Lobster Shrimp and Andouille Chowder

2 live marine lobsters, about 1 1/4 pound each
1 lb andouille sausage diced
1/2 cup unsalted butter
2 cups of chopped leeks
1 1/2 cups of chopped celery
3 cups of chopped mixed bell peppers
1/2 cup green onions
1/2lb rock shrimp raw
2 teaspoons of chopped garlic
2 teaspoons of kosher salt
1 teaspoon fresh ground black pepper
1 tablespoon Creole seasoning
1 cup of all purpose flour
1/3 cup of brandy
2 quarts of seafood stock
1 pound of Idaho potatoes peeled and diced
1 2/3 cups heavy cream
Reserved Lobster meat
1/3 Cup of assorted herbs 

Have your lobster precooked and cleaned and discarded from the shell,  In a large pot, sauté sausage until lightly browned.

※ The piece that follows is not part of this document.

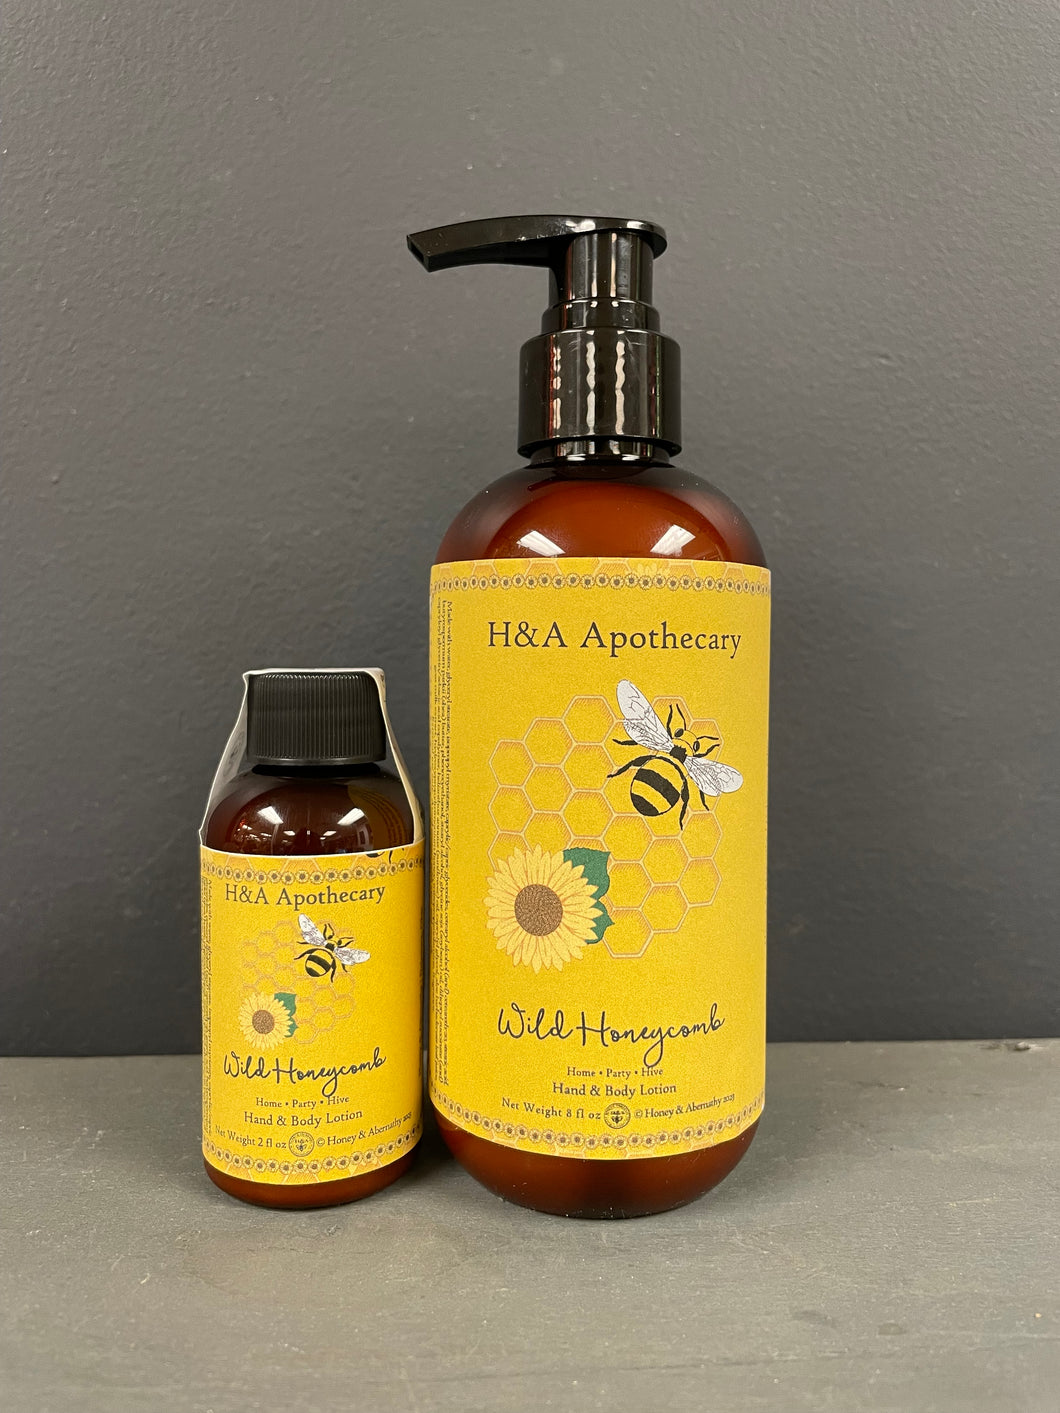 H&A Apothecary Wild Honeycomb Hand & Body Lotion
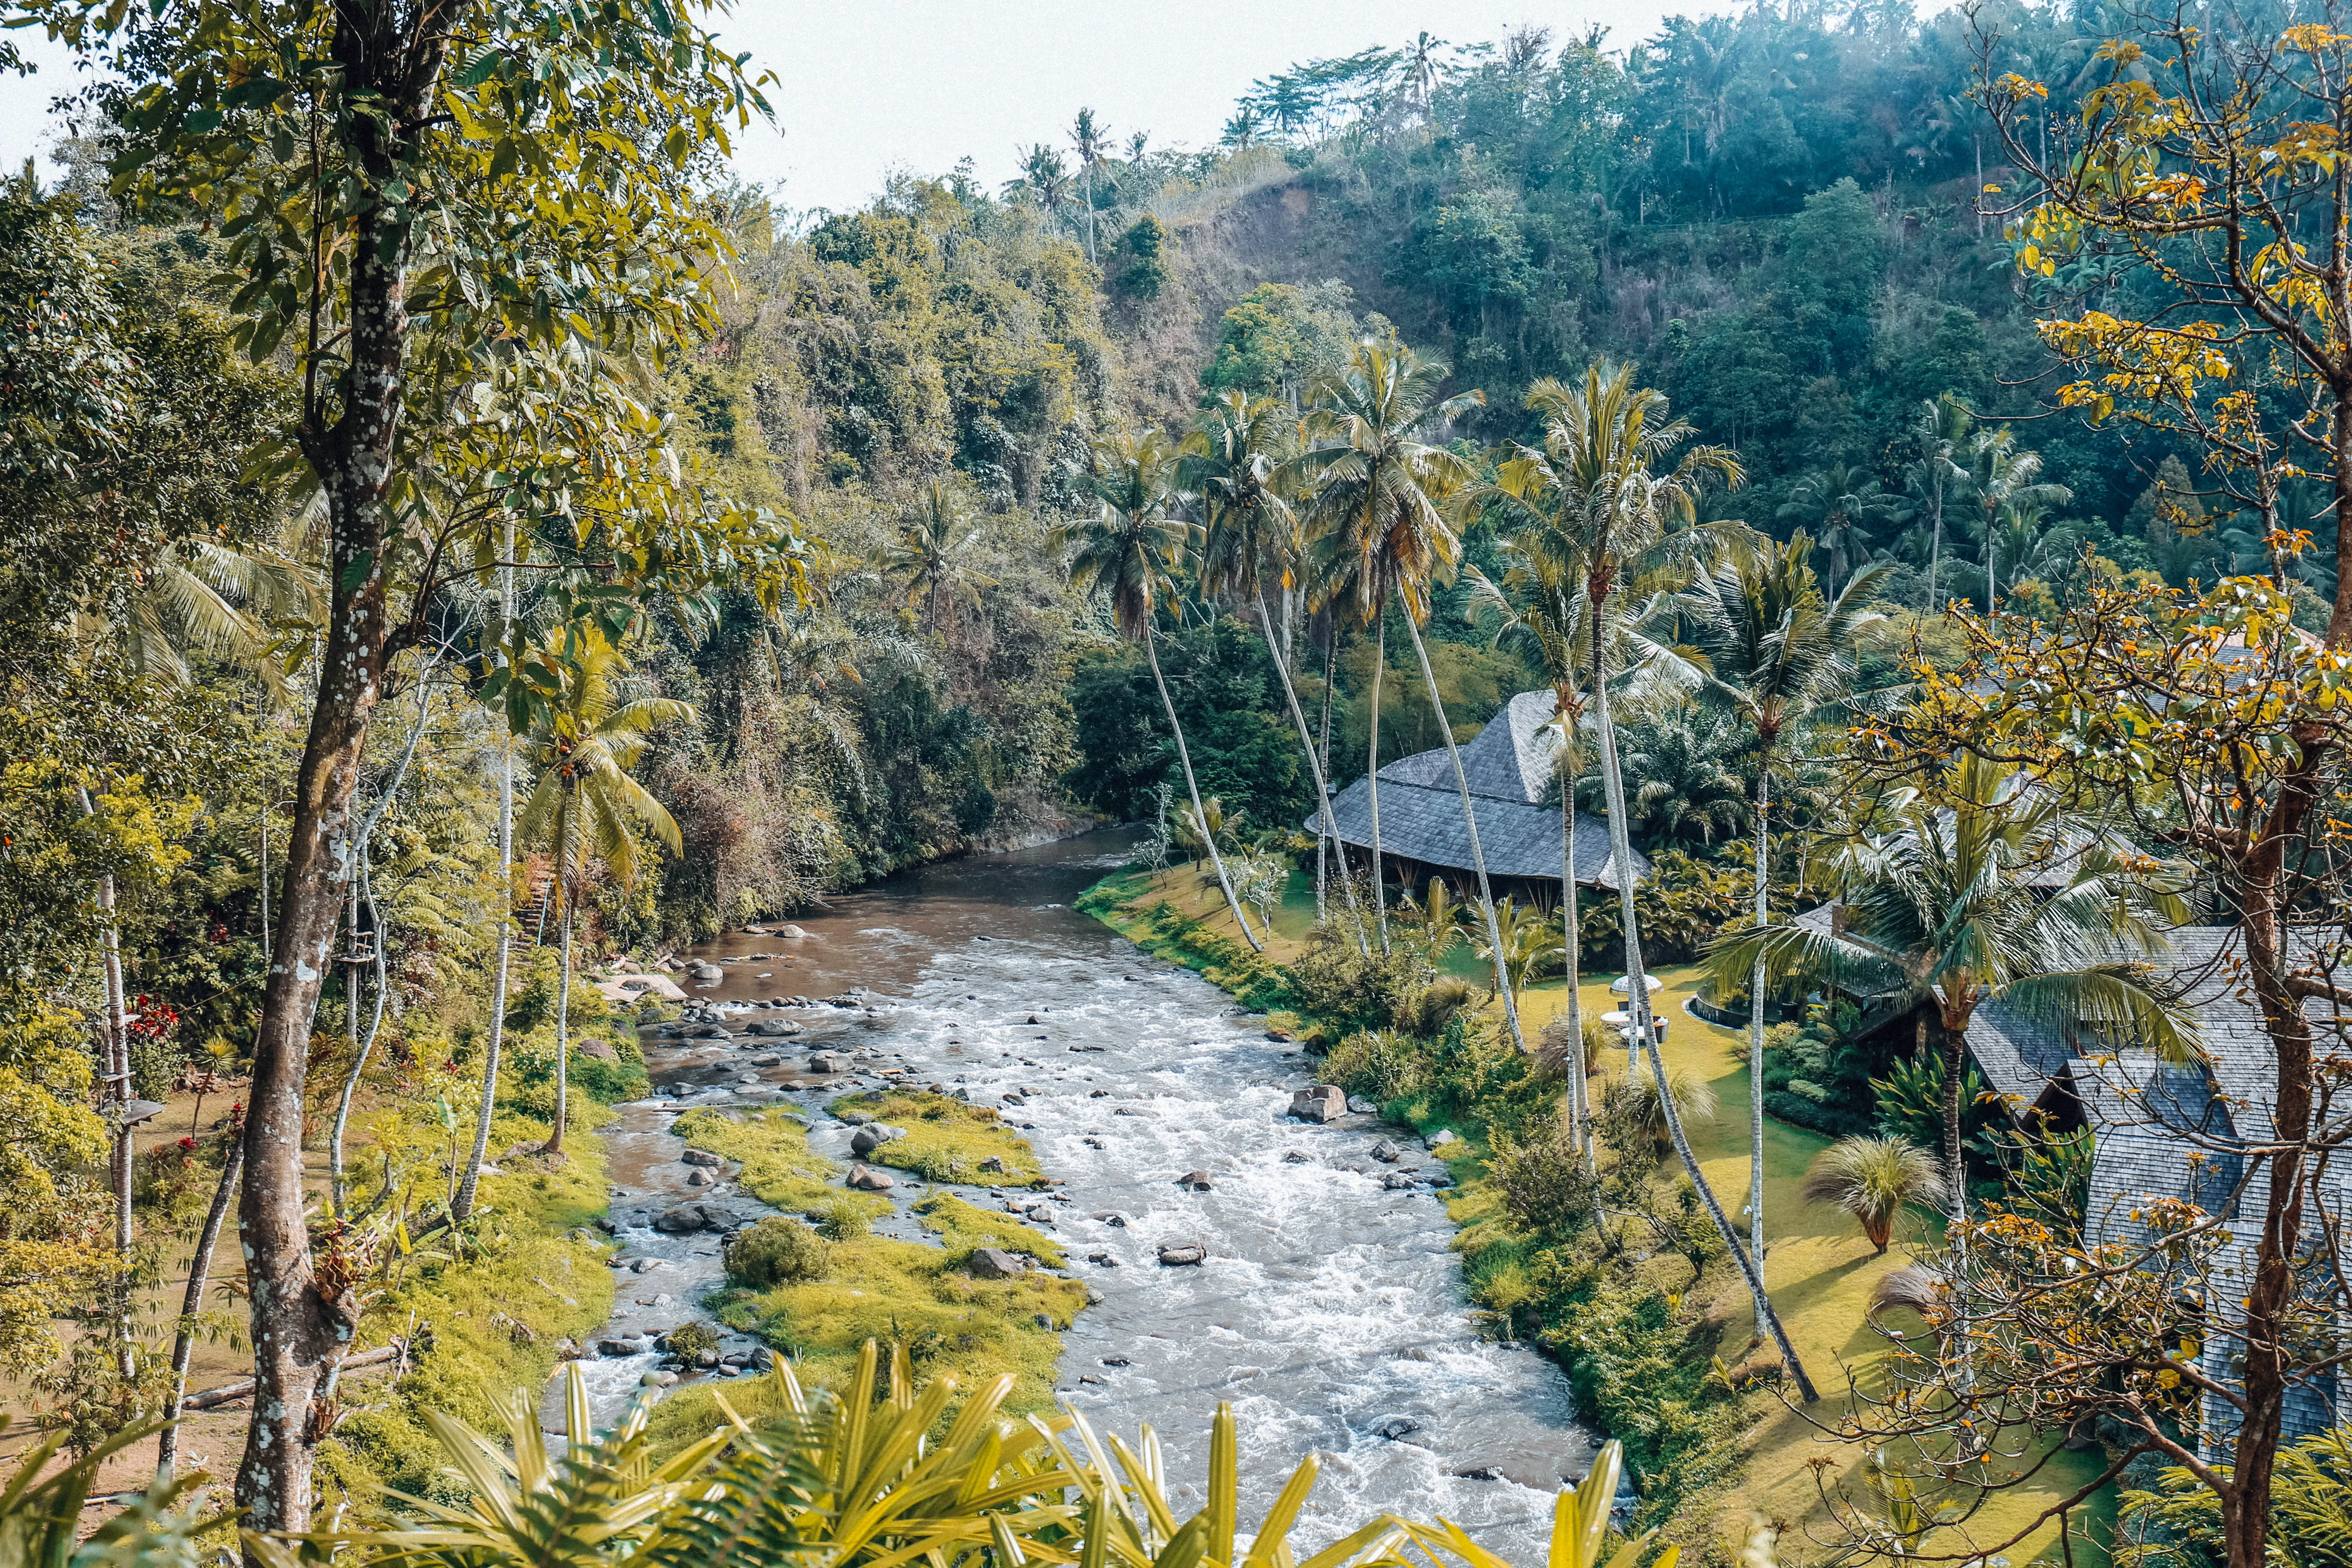 Complete Ubud  Travel Guide The Best Things to Do in Ubud

Add butter, leeks, celery, bell peppers, and 1/4 cup green onions, and cook stirring until soft.   Add the tomatoes, shrimp garlic, salt and pepper and Creole seasoning, and cook stirring for about 5 minutes.   Add the all purpose flour and cook, stirring constantly, until the flour smells slightly toasted, but does not brown, about 3 minutes.  Add the brandy and cook, stirring for about 2 minutes.   Add the stock and stir well to incorporate.  Bring the mix to a boil and stir occasionally for about 30 minutes.  Add the potatoes, stir well and simmer until tender, about 15 minutes.  Add the cream, Lobster remaining 1/4 cup of green onions, and the assorted herbs, and cook, stirring for about 5 minutes.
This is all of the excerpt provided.